Question 3 - Score: 0.90

explain security config rules that are required for access in spring boot project, provide request matcher show commit, request matcher show authentication requirement

// Request Matchers and Authentication Rules
.authorizeHttpRequests(auth -> auth
    .requestMatchers("/authenticate").permitAll()
    .requestMatchers("/mvc/person/update/**", "/mvc/person/delete/**").authenticated()
    .requestMatchers("/api/person/**").authenticated()
)

• .requestMatchers("/authenticate").permitAll(): This configuration allows unauthenticated access to the "/authenticate" endpoint. Requests to this endpoint do not require users to be authenticated and can be accessed freely. /mvc/person/update/ and /mvc/person/delete/ Endpoints:

• .requestMatchers("/mvc/person/update/", "/mvc/person/delete/").authenticated(): These configurations specify that requests to endpoints matching the patterns "/mvc/person/update/" and "/mvc/person/delete/" require authentication. Users must be authenticated to access these protected endpoints. /api/person/** Endpoints:

• .requestMatchers("/api/person/").authenticated(): Requests to endpoints matching the pattern "/api/person/" also require authentication.
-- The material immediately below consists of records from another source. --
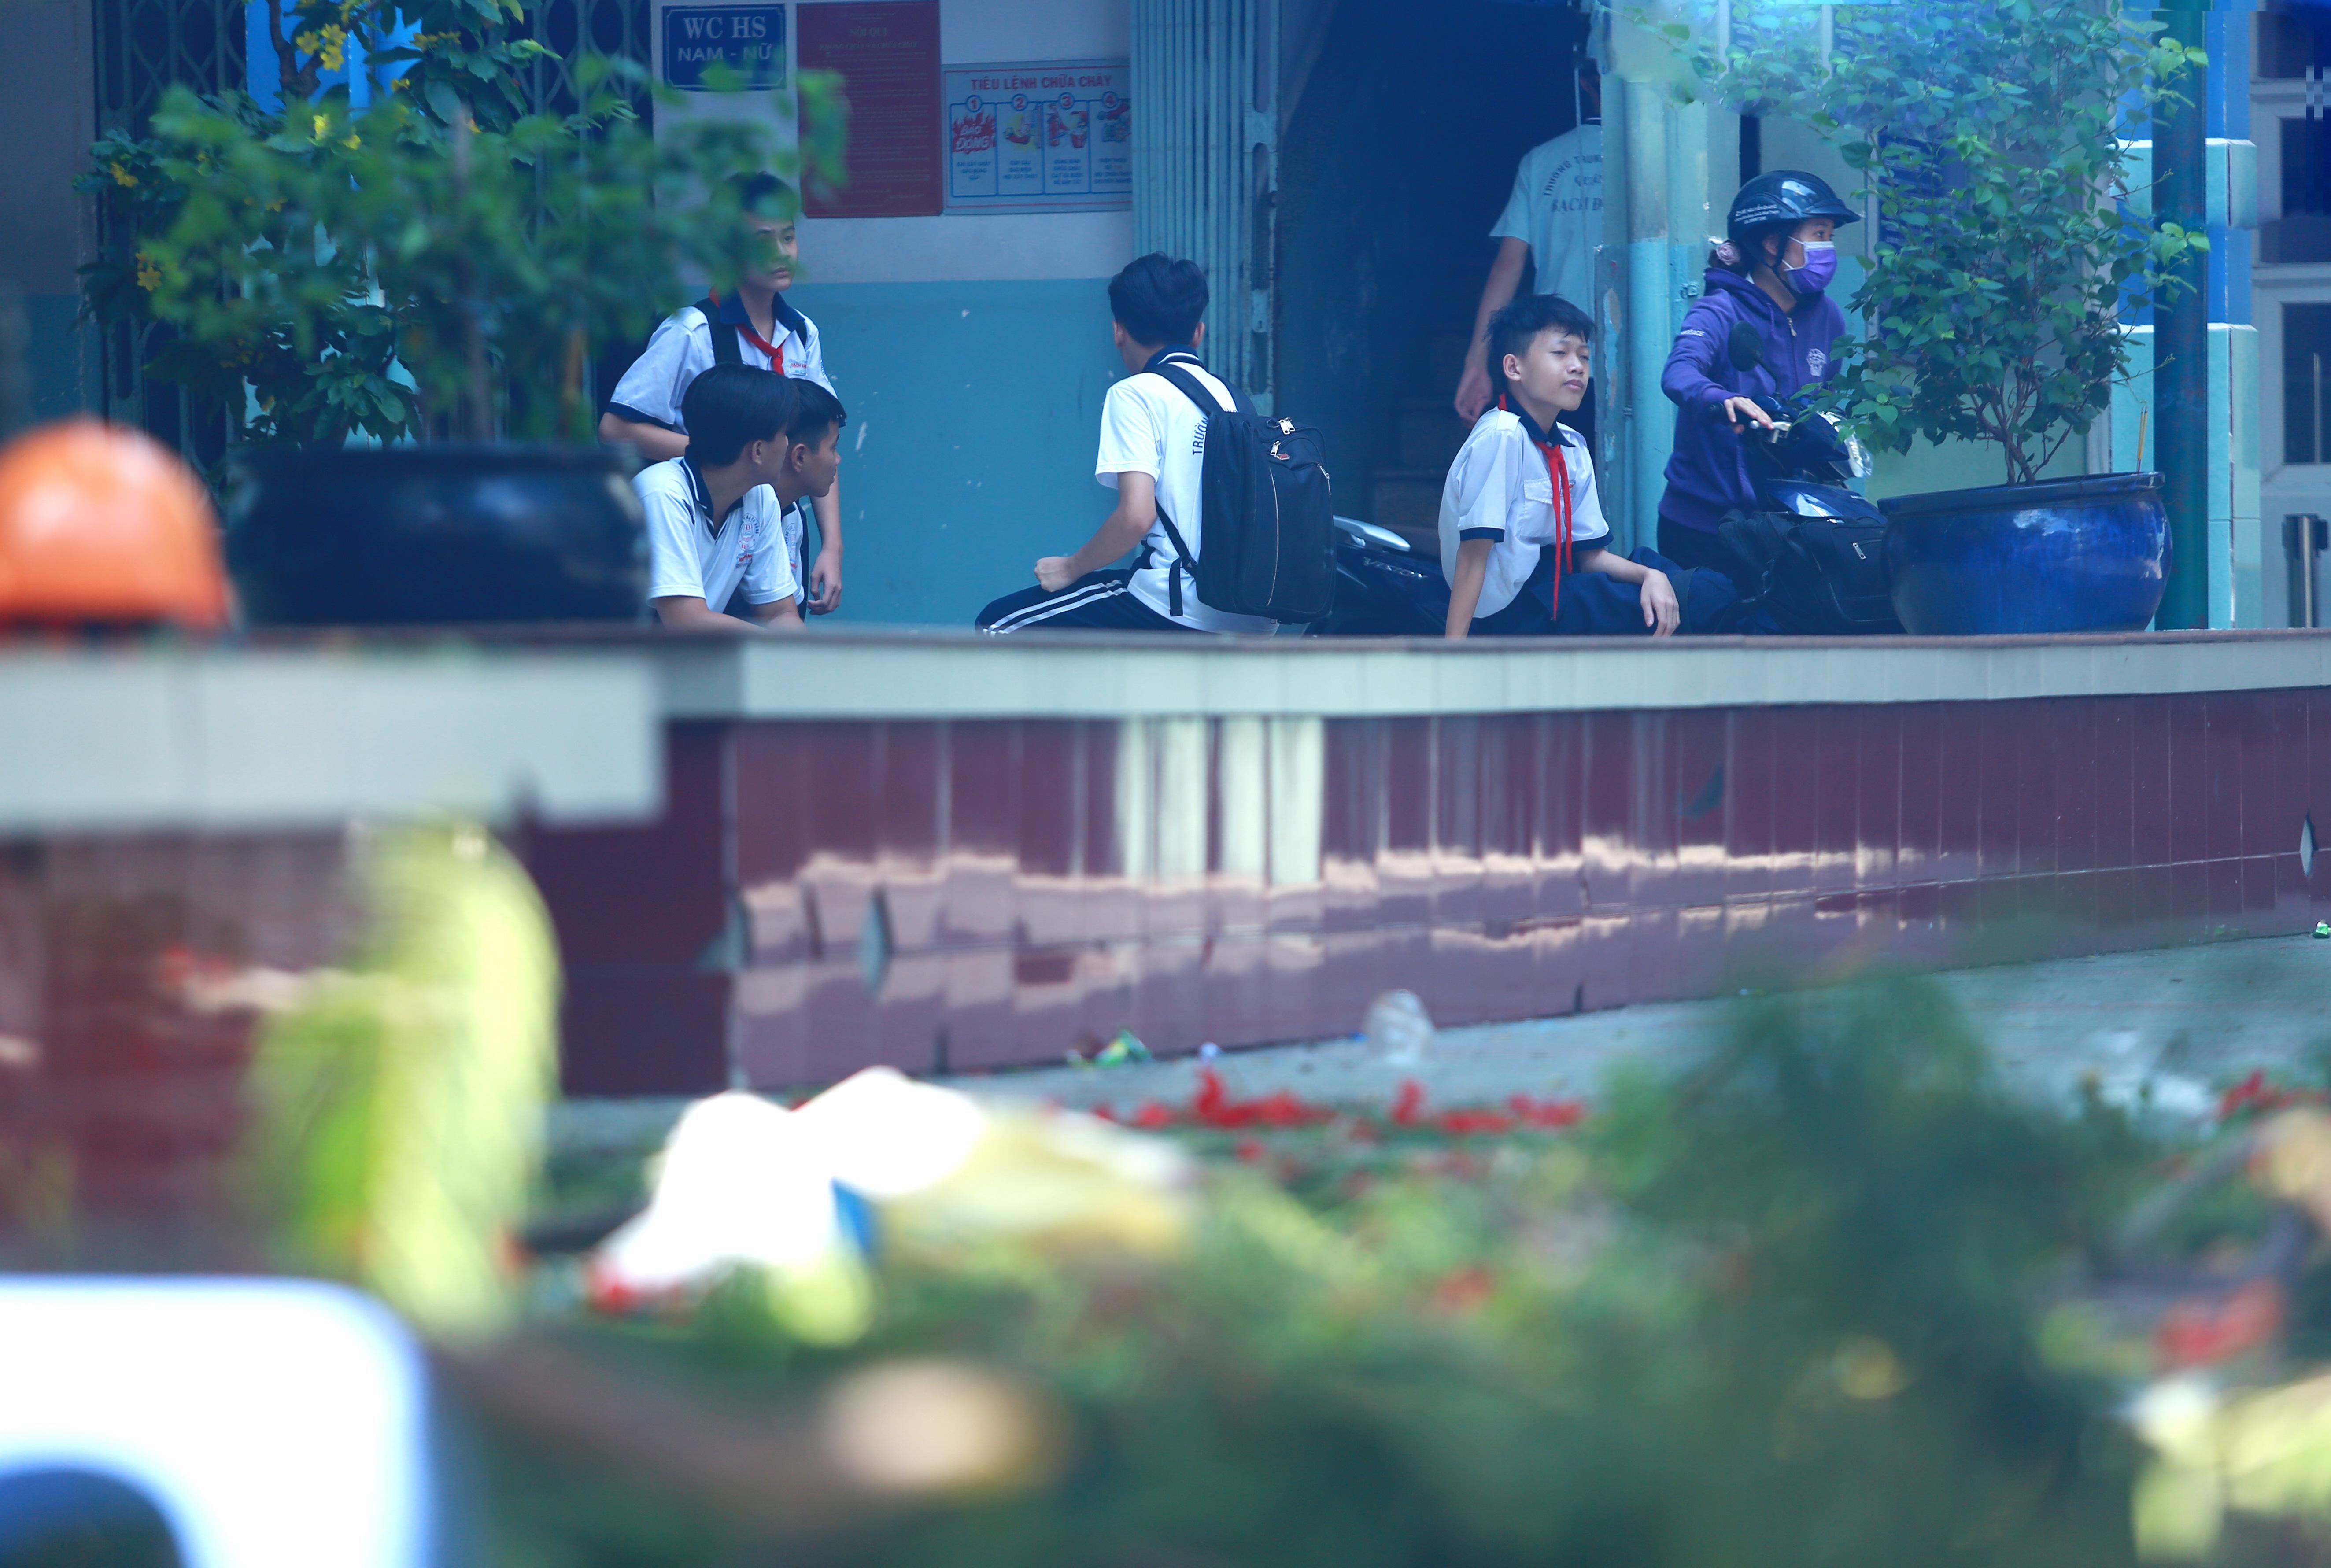 Cận cảnh gốc phượng vĩ mục ruỗng đổ gãy đè 13 học sinh thương vong ở Sài Gòn - Ảnh 12.
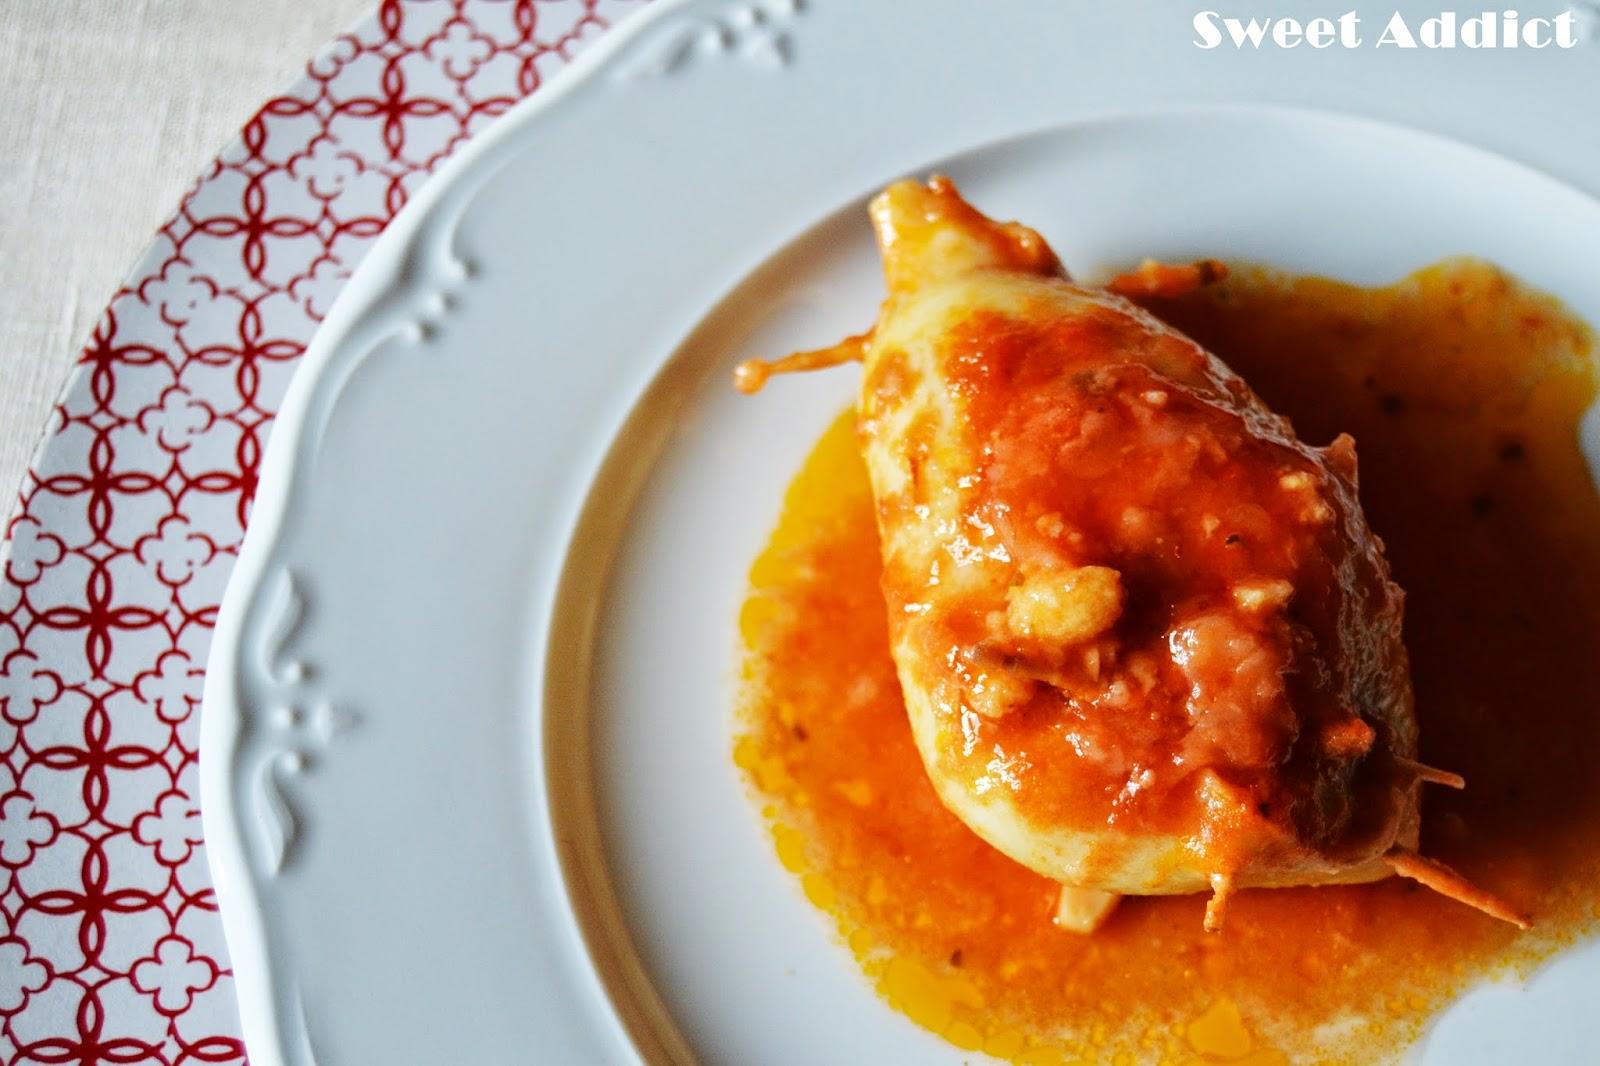 Calamares rellenos sweet addict - Salsa para calamares rellenos ...
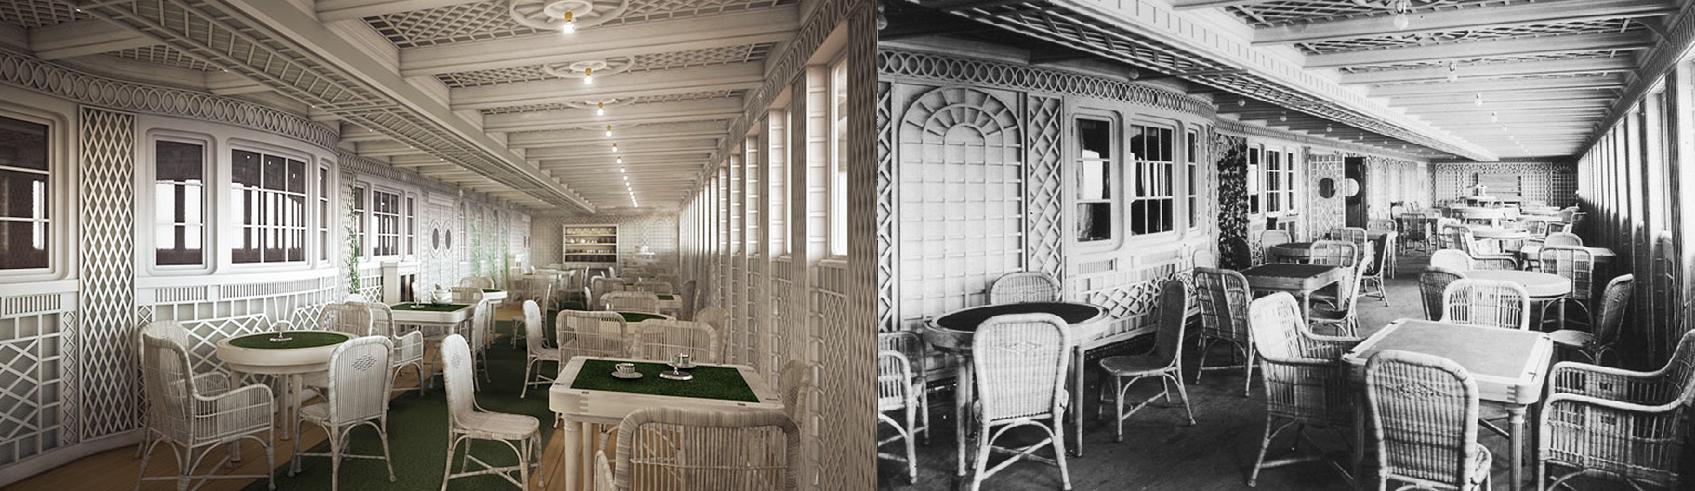 O Café Parisien, também reservado aos membros da primeira classe (FOTO: DIVULGAÇÃO)
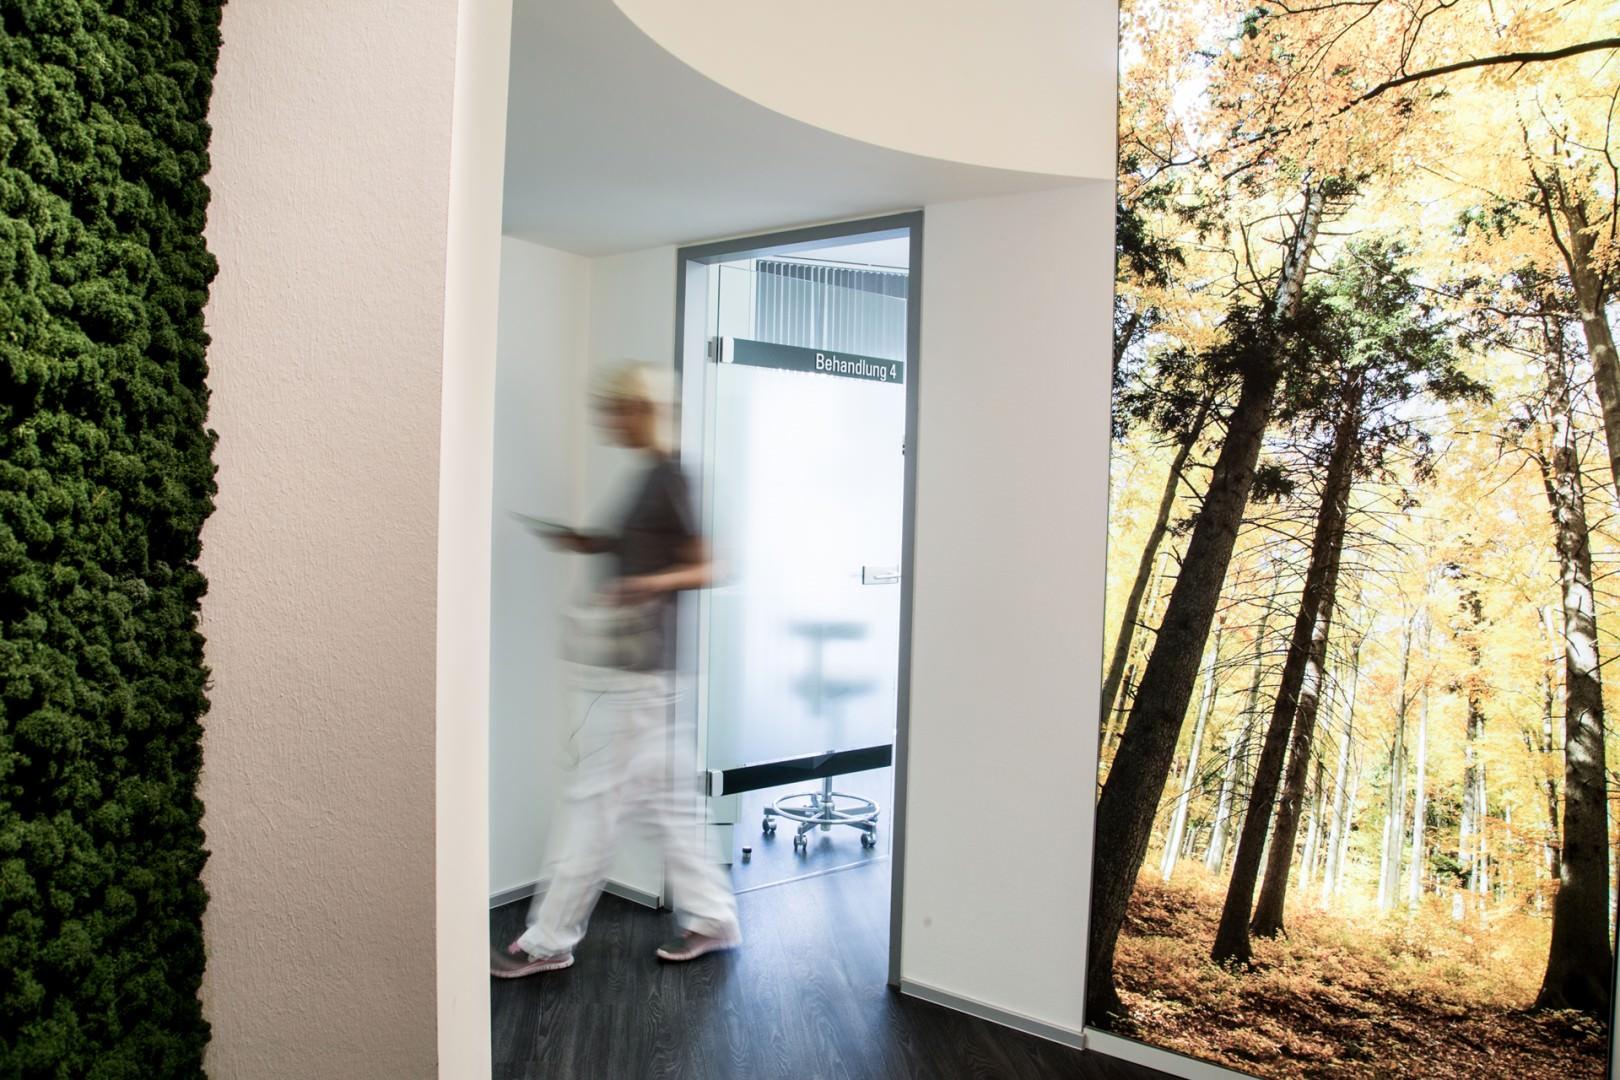 Zahnarzt Köln Blick in den Flur zum Behandlungszimmer 4 der zahnarztpraxis Zahnkultur

Similar to the previous case, only authenticated users are allowed to access these protected API endpoints.

Question 4 - Score: 0.90

explain a pojo and changes to a pojo, show a pojo in vscode editor, highlight somehting you changed, show pojo result and data via postman

A POJO, is

• a Java class
• encapsulates data and behavior without requiring any special frameworks or inheritance from specific base classes

Changes to a POJO involve

• modifications to its fields, methods, or annotations, typically to accommodate evolving application requirements or to integrate with specific frameworks or libraries.